● **Source data**:
:::

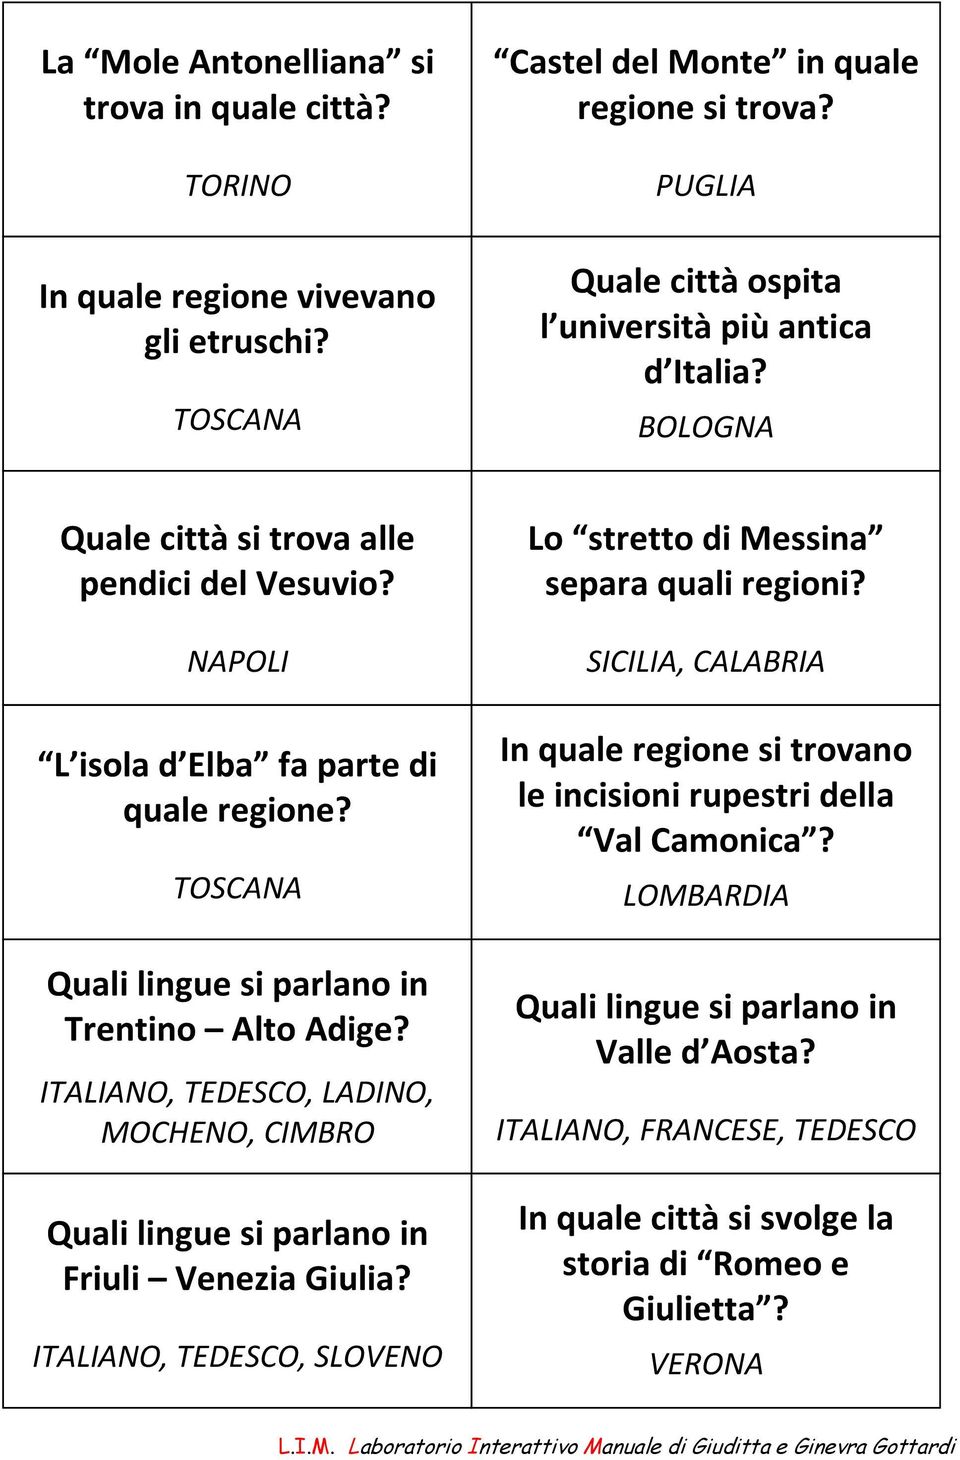 NAPOLI L isola d Elba fa parte di TOSCANA Quali lingue si parlano in Trentino Alto Adige? ITALIANO, TEDESCO, LADINO, MOCHENO, CIMBRO Quali lingue si parlano in Friuli Venezia Giulia?
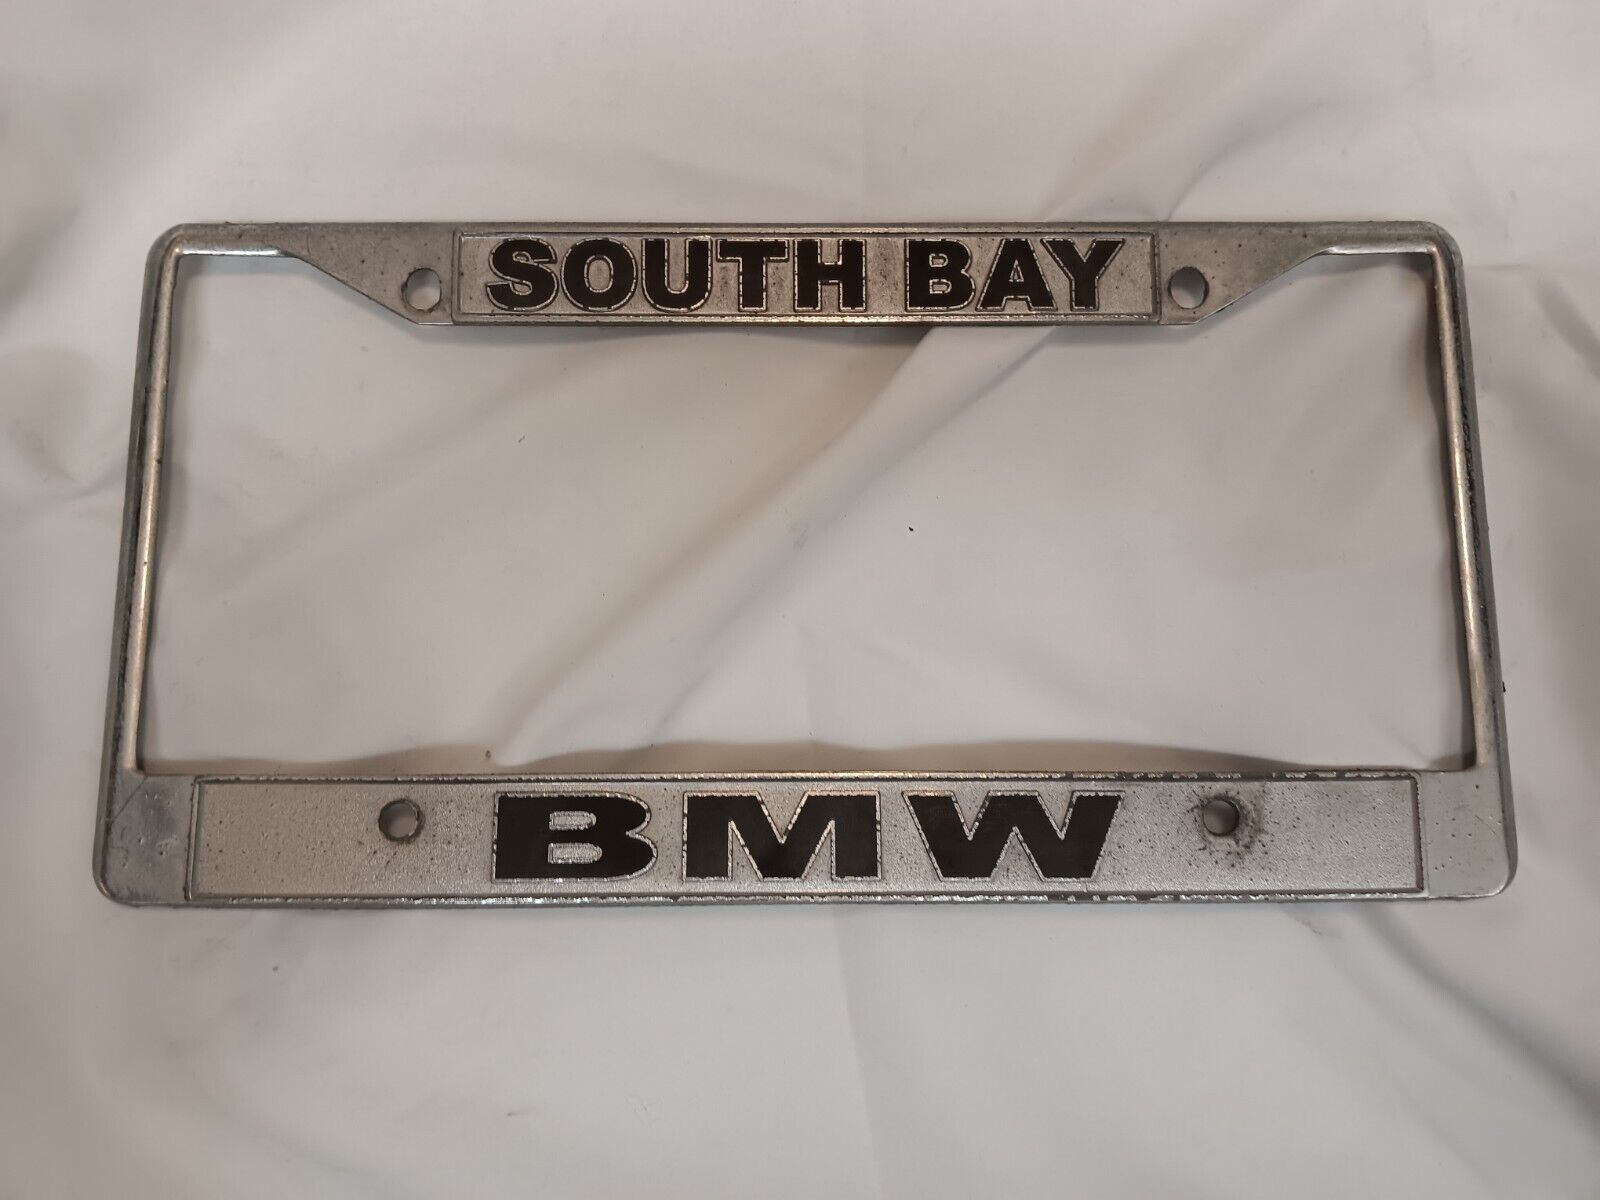 South Bay BMW, CA Car Dealer Metal License Plate Frame
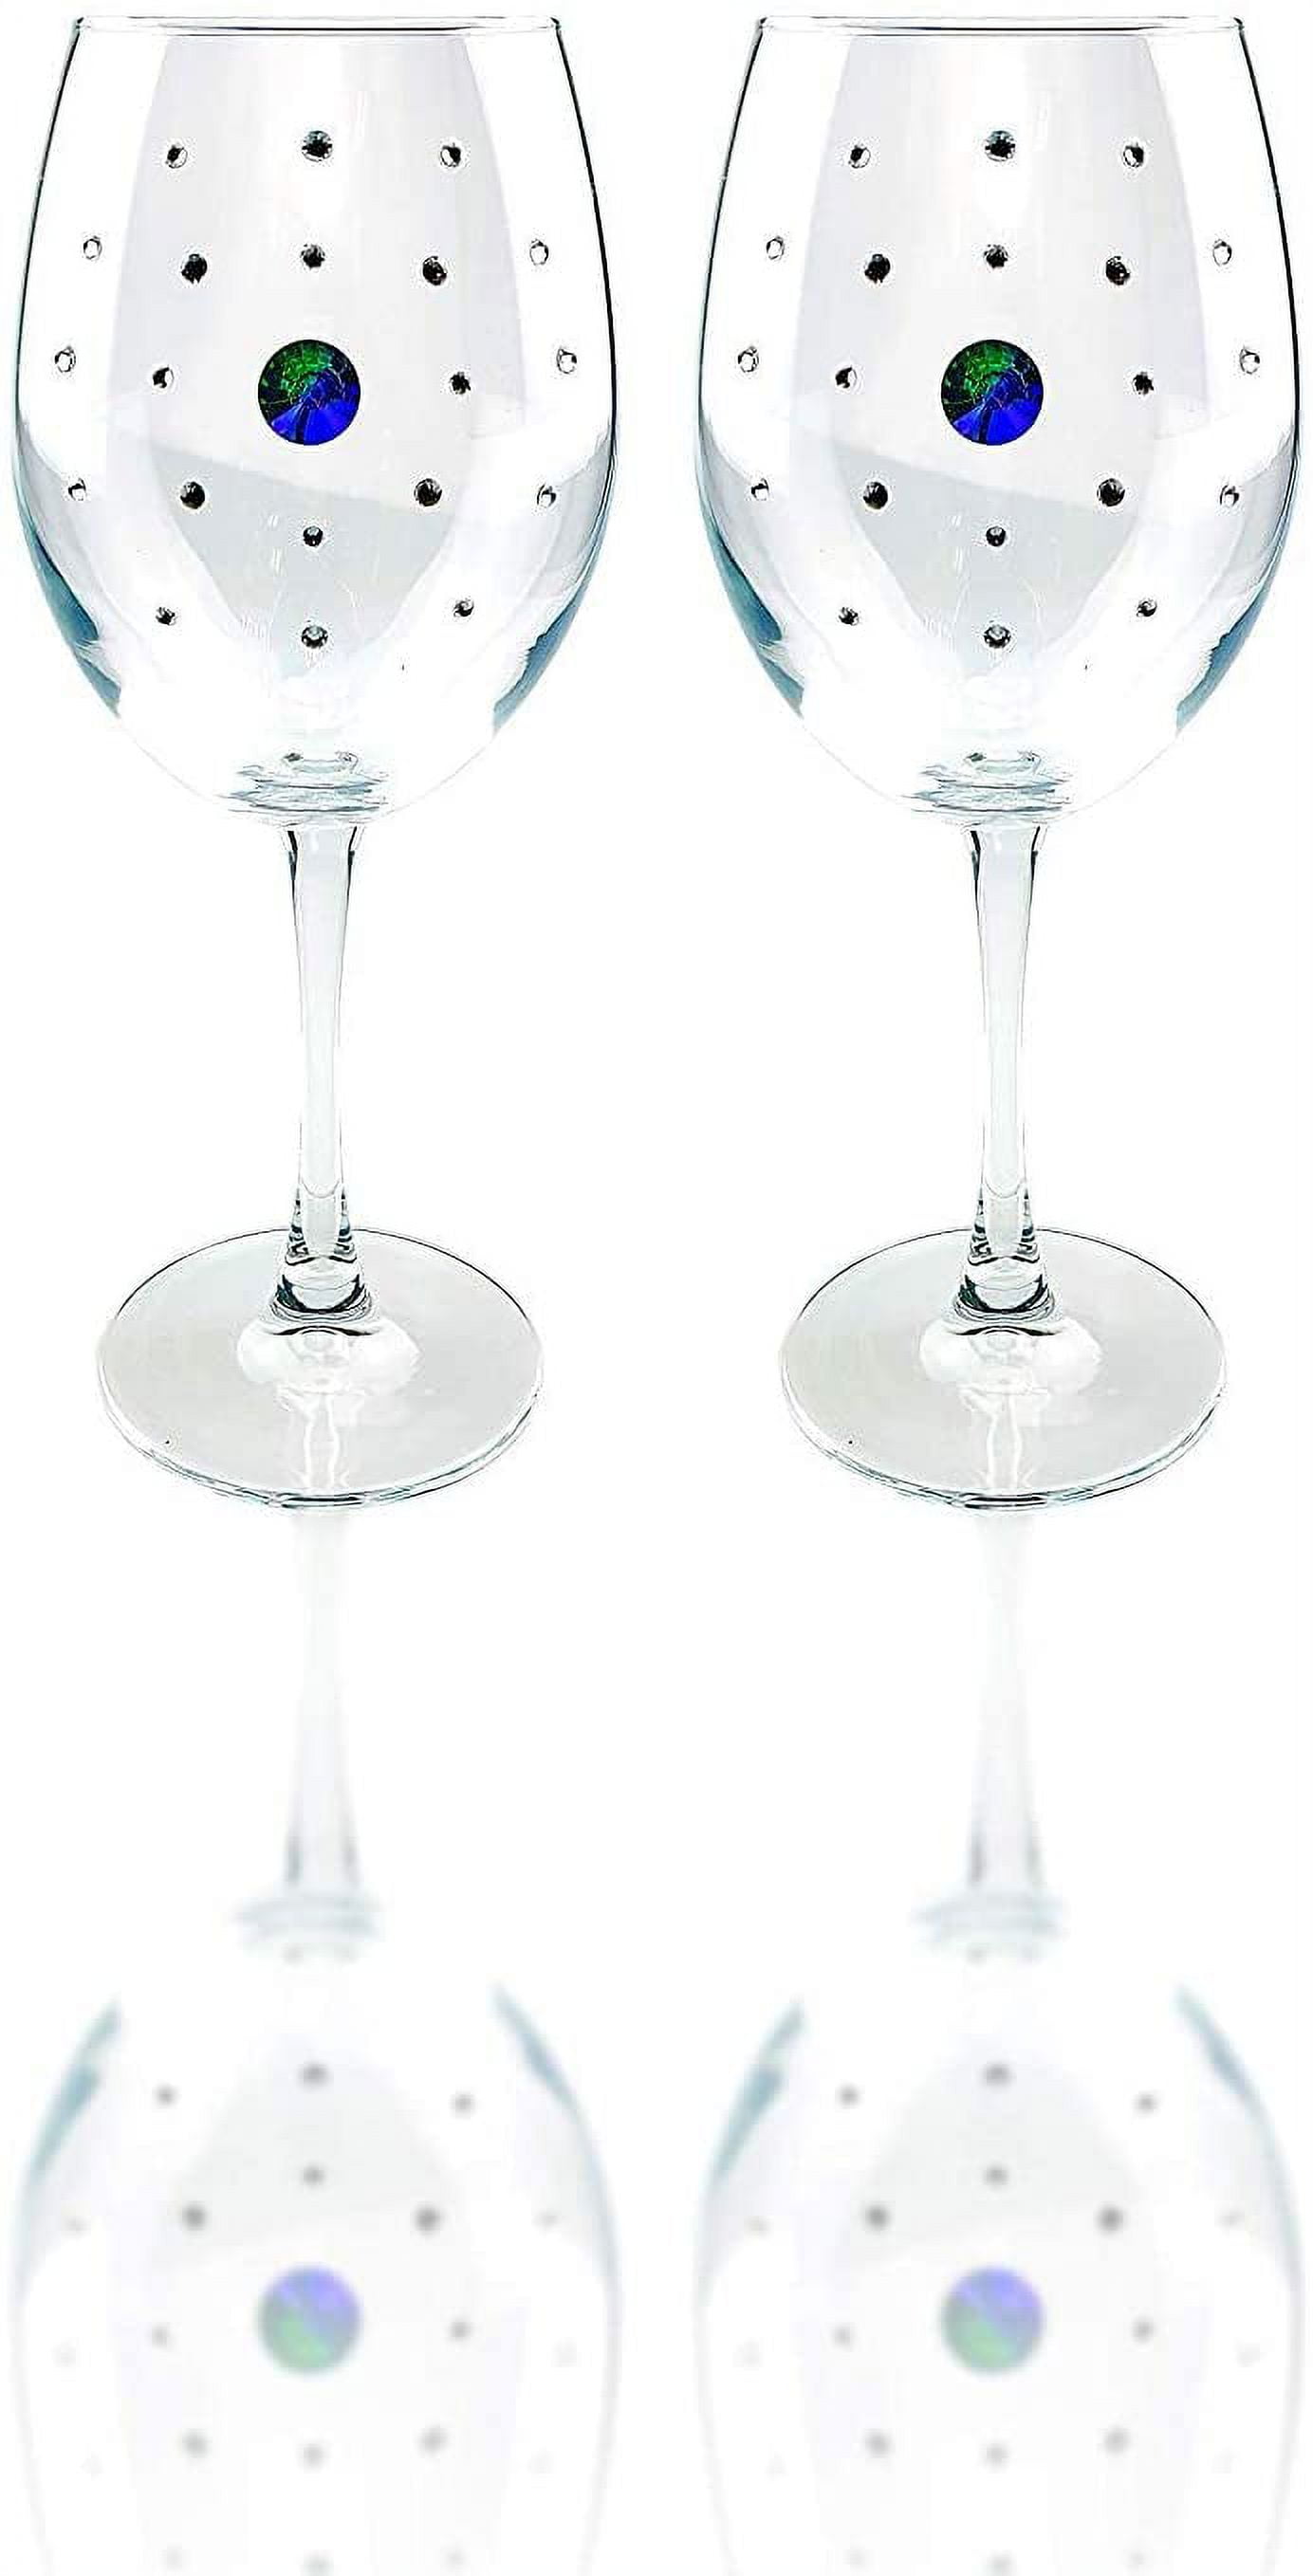 Popov 44738-823, 21 Oz Swarovski Jeweled Wine Glasses, Crystal Stemmed  Goblets w/ Rhinestones, Set of 6

:::

● **Brief**:
Once the pictures are set aside, please output all the data word for word.

● **Answer space**:
 NAPOLI L isola d Elba fa parte di TOSCANA Quali lingue si parlano in Trentino Alto Adige? ITALIANO, TEDESCO, LADINO, MOCHENO, CIMBRO Quali lingue si parlano in Friuli Venezia Giulia?
 South Bay BMW, CA Car Dealer Metal License Plate Frame
 Popov 44738-823, 21 Oz Swarovski Jeweled Wine Glasses, Crystal Stemmed  Goblets w/ Rhinestones, Set of 6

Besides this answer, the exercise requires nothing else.